I am not sure I have stopped from burning out. Honestly. I feel like I burn out and then regroup. Sometimes I do not think I will be able to finish this program. Sometimes I am working on homework at 11pm on a work night because it is the first moment I had to sit down. But I push through. There have been times that literally the only thing keeping me going is that I am frugal and hate the idea of losing the money. But hey—whatever works. Plus, sometimes I get engrossed in a text or assignment and I catch myself having fun. Smiling even. I really love to learn.

This may be too honest, but being a wife is one of the hardest things to do while working, mothering and being a student. As a child (you know, until 23 or so) I thought marriage was easy. I mean, I was getting a partner to help with everything I was previously doing alone. Nope. Marriage is a job. It is work. Last year, after a few hard years where we felt like we were both so busy with “life” that we put each other and our relationship on the back burner, he and I did a book study. We met three times a week during lunch and worked through “The Five Love Languages.” Sometimes we didn’t even make it through a page. We took notes, had frank discussions. A few arguments but we were learning how to end them without hurting one another. It was a definite positive change. We are looking are doing another one next summer.

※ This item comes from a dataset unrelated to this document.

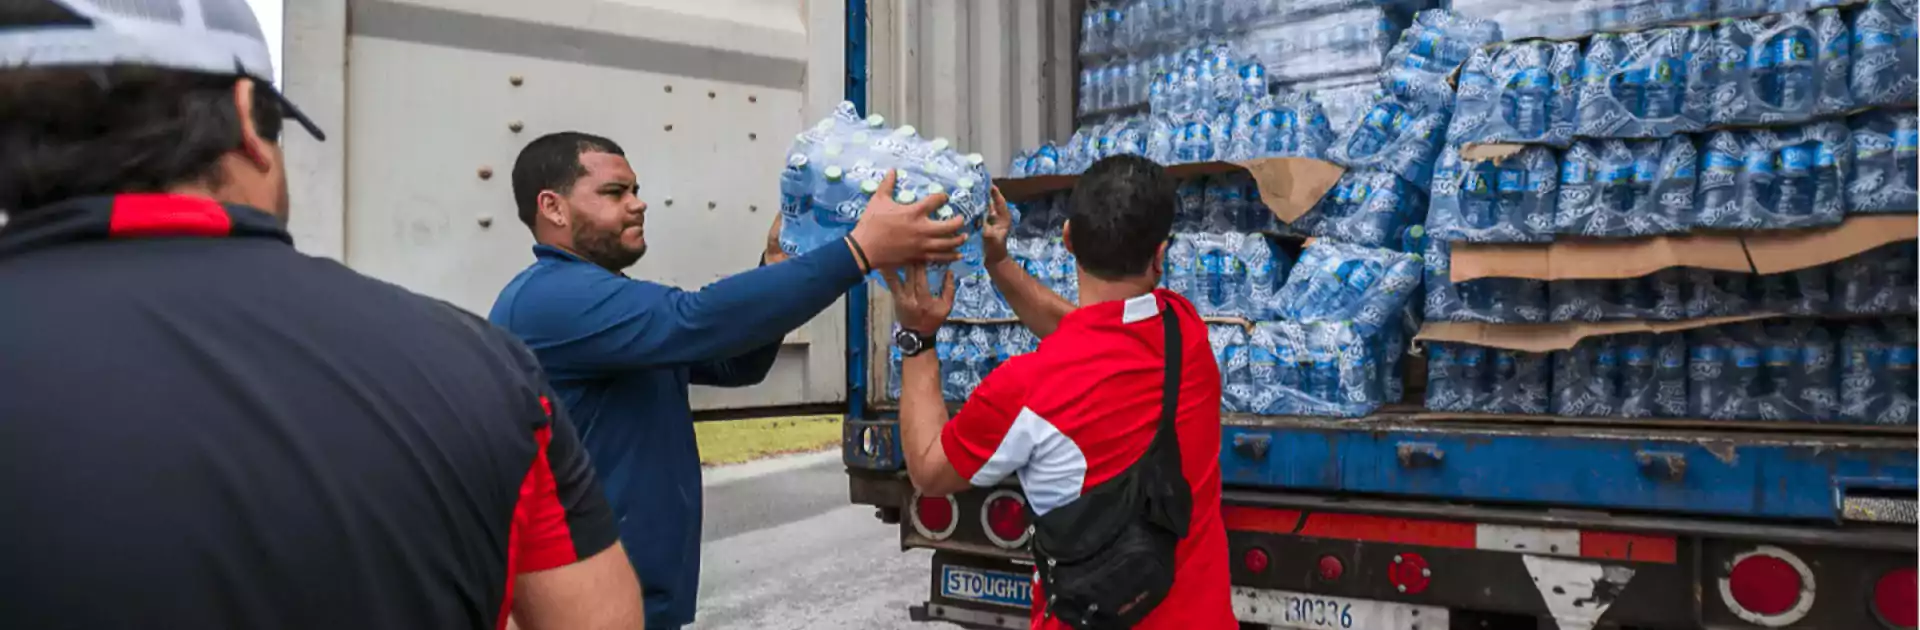 Hurricane Relief Workers Sharing Water Bottles

Being a mom to teenagers is way harder than toddlers. Whoever said 3 year olds are the worst did not have two hormonal, cranky, moody, weird and smelly teenagers at once. I taxi them around, come home, and stay in my room. I mean, way more than I should. We eat together every night and we chat and then if it is a weekend, and we can agree, we might watch something together, but then, they call their friends and I head back into my cave of safety where I avoid the zombie teenage apocalypse.

Fighting cancer daily sucks. In fact, the name of the book I am working on is called “Cancer Sucks.” It is draining because even on days when I am not having a treatment or a test, I have a million little reminders that bring me down. Luckily, I have not needed surgery or radiation in a few years, but next week I head back to MD Anderson in Houston for a follow up test for an abnormal result from last time. It is so stressful. I wish I could stop thinking about it for a whole day but I cannot. It weighs on me. However, I will have a good test result and get to stop medication for a little bit and I remember that my life is pretty good. I have a long and good marriage. Two healthy, although annoying, kids. I have a good job that I actually like. I learn every day so I don’t get bored. I have great friends, not many, but great. It is a life worth fighting for.